I agree that a physical theory does not require a 'definition' of space. For example, a quantum theory of gravity doesn't necessarily lead to a list of axioms such as what you listed. However, if you have a list of the correct axioms of space, then you should be able to derive the fundamental theories that are missing (e.g., quantum theory of gravity) in our fundamental understanding of the universe. The reason is that space is linked to our understanding of matter, energy, gravitation, time, inflation, virtual pair creation, etc. If you have correctly reduced space by a set of axioms, then your axioms must account for the links that exist with these other issues.

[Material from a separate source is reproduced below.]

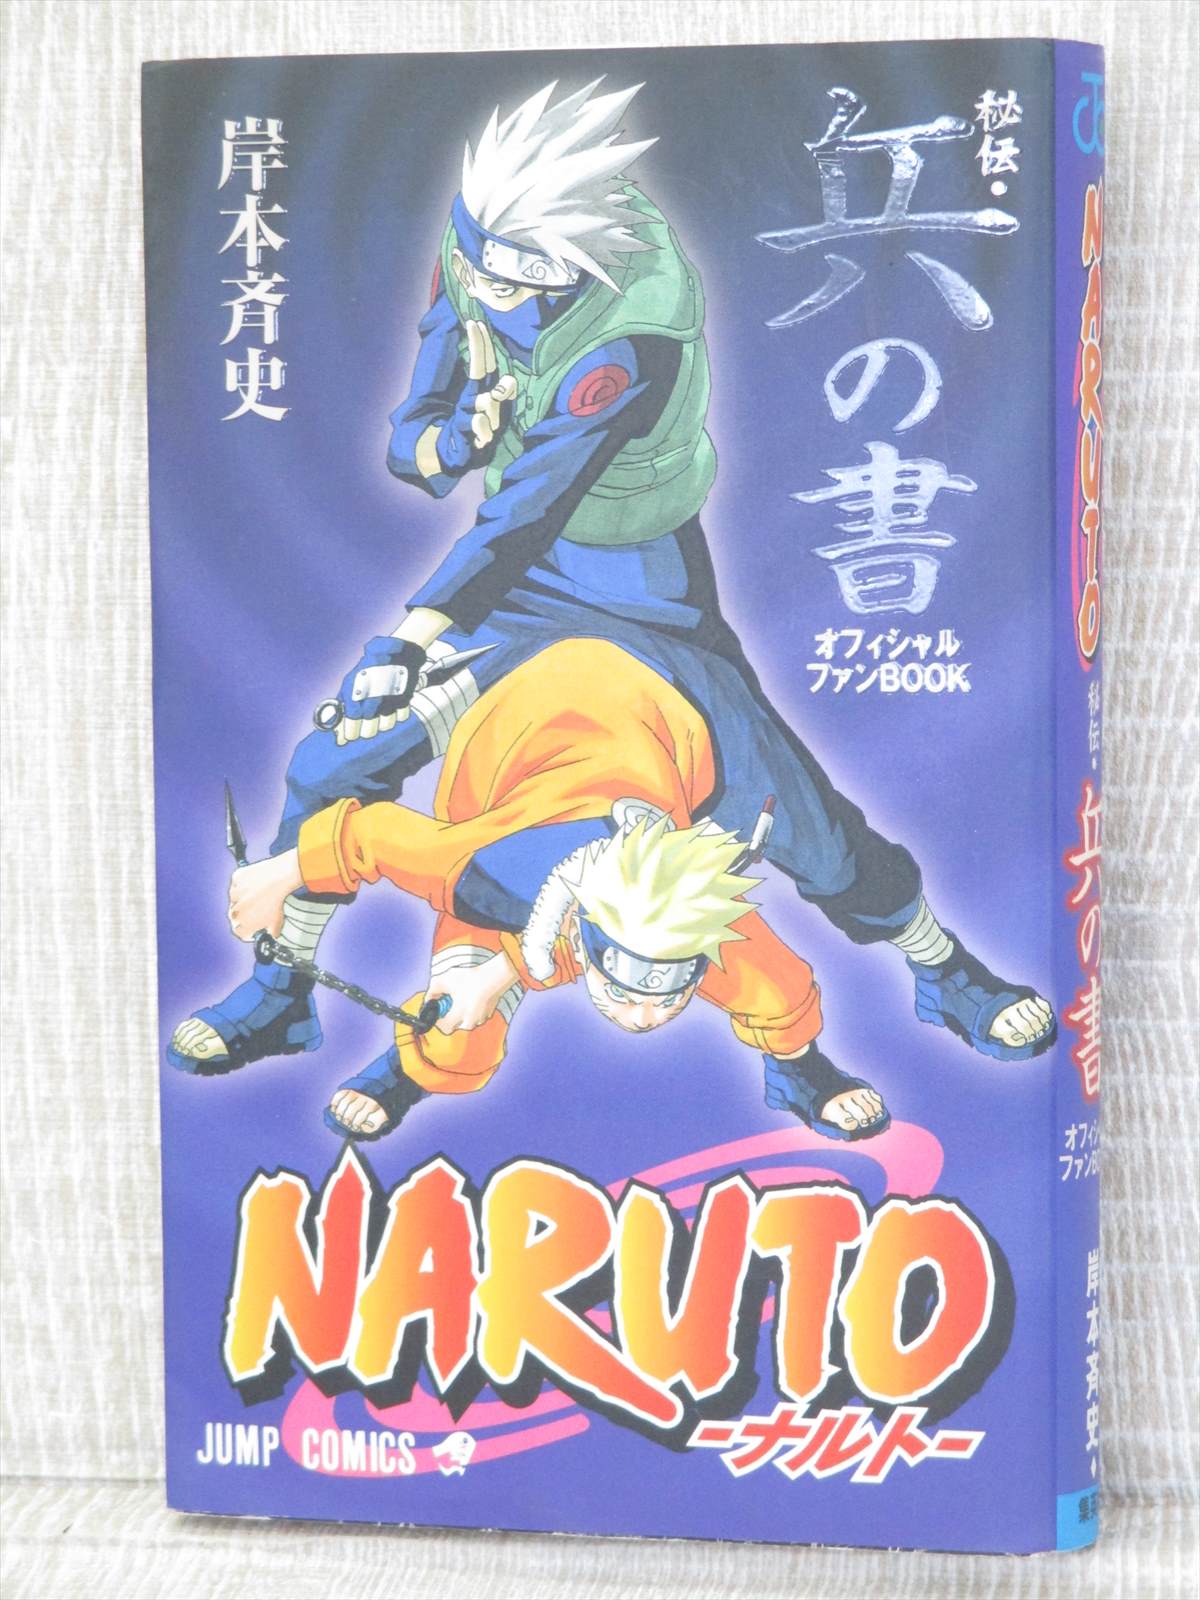 Naruto Book Zai No Sho Boruto Movie Visiter Limited Art Exhibition Jump Japanese Anime Drkingplaza Other Anime Collectibles

For example, if none of your axioms account for the expansion of space (e.g., inflation) and under what conditions this can occur, then your axioms are not about the fundamental properties of space, but are much like the axioms of Euclidean geometry - they might explain some of our everyday observations, but they don't help us understand the topic when it comes to new phenomena (e.g., the curvature of space). In the case of the axioms of Reimannian geometry, they do account for spatial curvature, but they do not account for singularities, inflatons, temporal dimensions, etc.

So, as in this example, in order to have a better understanding of space, we need 'higher mathematics' to help answer fundamental questions. The issue that confronts many quantum cosmologists (among others) is that we lack the mathematics needed to take into consideration all of these space-linked phenomena (e.g., inflation, quantum gravity, etc).

When you say that you've developed axioms of space and yet cannot derive a more fundamental theory, then it is meaningless. Every culture since homo sapiens pondered such issues have provided such 'explanations' of space, but they lack the details to explain the phenomena of space. This is what is wrong with your argument, I think.